When looking for information about monorepos online, there’s plenty of PRO vs CON discussion, but not a lot of details.
I’ve seen people work directly in the monorepo with both git submodules and
git-subtree(depending on the organizational approach). The tooling is painful to use, but it’s possible to push and pull changes entirely inside the monorepo.I didn’t understand what you meant by “automate”: in the same way that I don’t expect someone to automate their normal contributions to the monorepo, I wouldn’t expect them to automate contributions to the upstream repos either.
If possible, you can consider inserting an intermediate forked repo between the upstream repo and the monorepo, and consume the intermediate repo instead of the upstream repo directly. Then you can do your work in a normal repo with normal tooling and the monorepo can consume it as usual.

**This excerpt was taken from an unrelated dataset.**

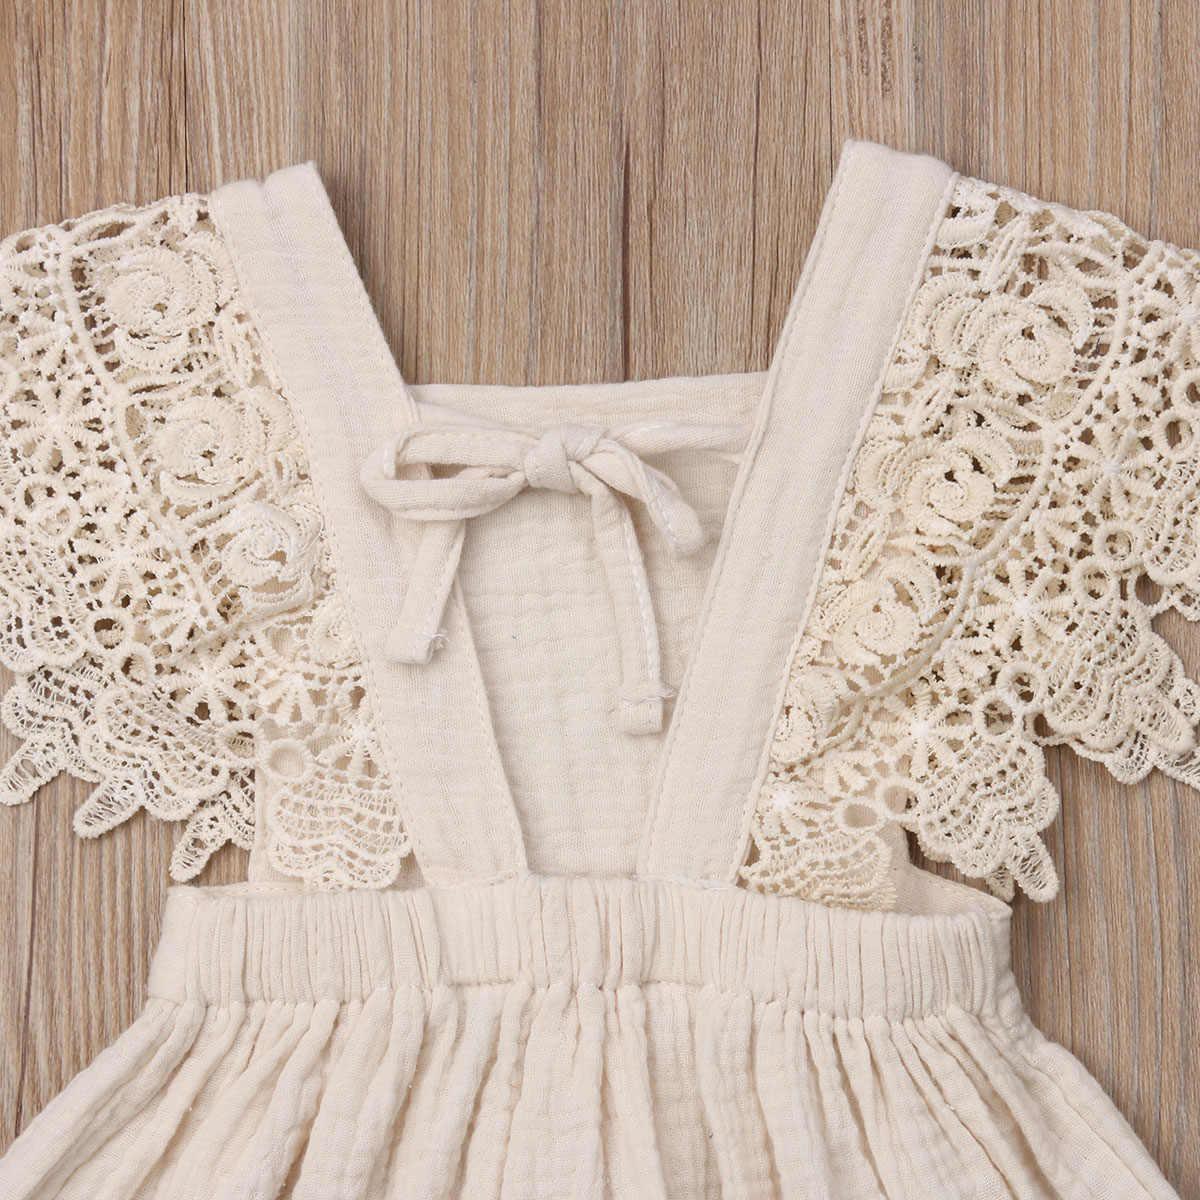 Новое поступление; детское кружевное платье; праздничное платье для маленьких девочек; однотонное платье без рукавов; одежда

There are some projects like https://github.com/josh-project/josh which could compose a “monorepo” in a dynamic fashion, but I haven’t seen it used in production.
About josh, I did a proof-of-concept at work; wrote some notes here:
https://github.com/josh-project/josh/discussions/1386#discussion-7177501
I didn’t use it enough to endorse it, but I think it’s a very promising approach. Also note that while the documentation (at least when I last read it) focuses on using it as a daemon, the Miri project uses it “daemonless”.
The secret is that one says third party projects need to live in your monorepo. If you use a sane language with support for pinning, the only time you have third party source code you need to include in your repo is when you’ve forked it - i.e. when it’s no longer third party by definition.
Things like hosting your own module/package/nuget/cargo/whatever cache servers in-house (optionally restricted only to package/version combos you’ve vetted for license and security compliance) takes you the rest of the way there.